Many times coaching clients offer either/or solutions to a problem. For example, a client who thinks he either has to be the nice guy or the guy who holds the line.
This case illuminates that scenario. Georgia has recently been promoted to nurse manager after working in the same department for five years. She and a peer applied for the role, and Georgia was selected. Georgia is now concerned about how she will lead. She has always built solid relationships and been well liked. She is worried that now that she is the boss, she will have to change. Furthermore, she fears that she will no longer be liked by those who were once her peers.
Georgia tells her coach that she knows how to be friends with co-workers and she knows how to lay down the law. In her mind, the only options are to be a friend or lay down the law.
The coach asks, “What do you get from being friendly with your co-workers?” “Well, I am able to show that I care about those with whom I work. Honestly, I really do want them to see that I’m still Georgia, and becoming their boss didn’t change me as a person.”
Then the coach asks, “What are you afraid will happen if you are friendly with those you lead?” She says, “I’m afraid that when I need to enforce a policy, they will not take me seriously.”
Her coach asks, “Give me an example of somebody in your life who was a strong boss and deeply cared about you?” Georgia describes a boss she had when she started working at the clinic. Georgia highly respected her and also felt deeply cared for.
The coach asks, “Is there anything you can learn from this former boss that applies to you? It seems as if that boss could be friendly and lay down the law. Is that right?”
Georgia considers this and says “Perhaps. I can see that my either/or thinking is keeping me from having the courage to lead well. Can you help me to find ways to tap into the courage it takes to lay down the law?”
This breakthrough created new and more important options for Georgia to explore.
An important part of coaching is to uncover viable choices from which the client can consider. And either/or thinking is limited to 2 options. As a wise elder once said, “when given two equally bad choices, pick another.”
From “either/or” thinking to “yes/and” presents a “third way.”
The third way asks the coach to notice the client’s patterns. Is it their behavior, a way of thinking, or some pre-conceived notion? This observation guides the coach towards what kinds of questions would best serve the client. Some examples of questions might be:
Can you be an approachable boss while holding people firmly to the commitments they make?
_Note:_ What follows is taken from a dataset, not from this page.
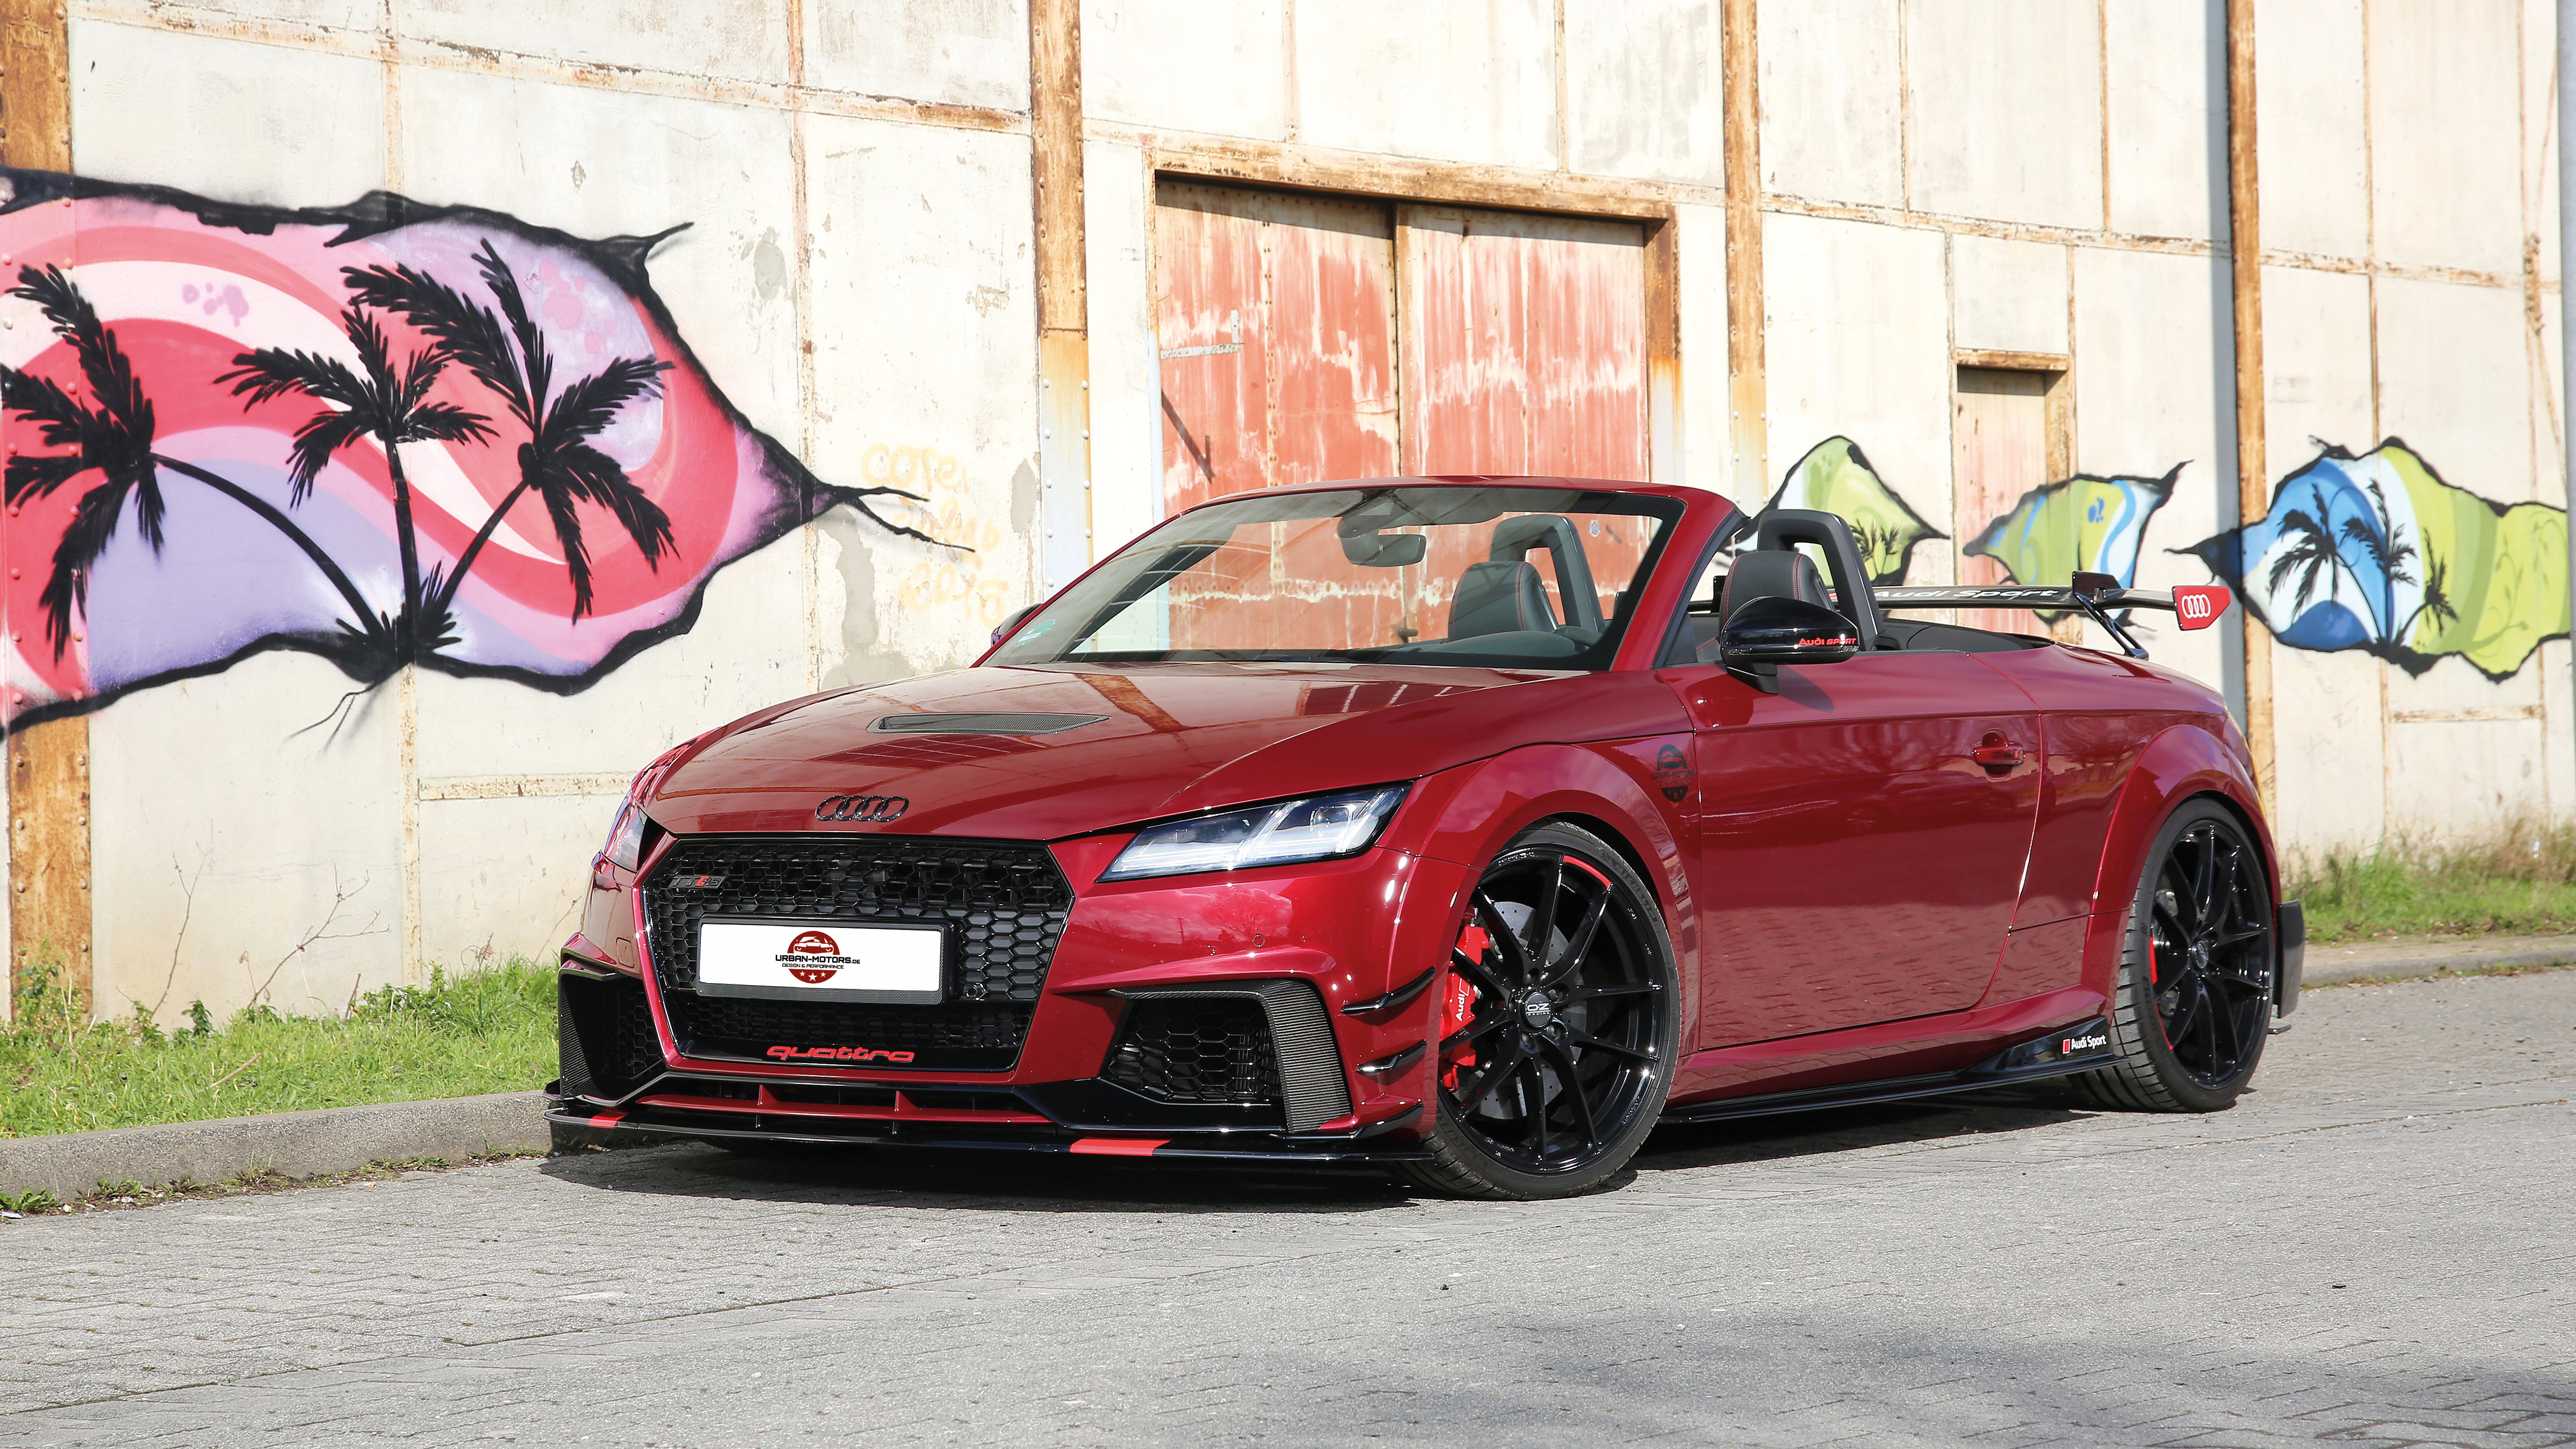 Audi Urban Wallpapers

What is more important to you – being liked or being respected?
If you thought about managing to the results while preserving good relationships, does that offer you any other options?
Can you imagine a world where you can be a strong leader and friendly with your co-workers at the same time?
I’m noticing that you present this issue with two oppositional ways of being, is there a way that these ‘opposites’ can exist together?
If you had no limitations and could make up another way of being, what would that be?
Back to the Georgia and her coach.
Her Coach asks, “Have you had to access your courage to make other tough decisions?”
She says that she has to do it all the time with her teenagers. Her coach explores this, and they find parallel behaviors between how she handles her kids and how she might handle a situation at work that requires her to lay down the law. They role-play a few scenarios, and Georgia commits to practicing with her mentor.
Through this process, Georgia found not only more options for this particular situation, but she grew as a leader and a boss by thinking about her challenges in a different way.
Either/or is a great way of thinking when there is an urgent decision. But the most strategic and effective decisions emerge when new options are discovered – a ‘third way.’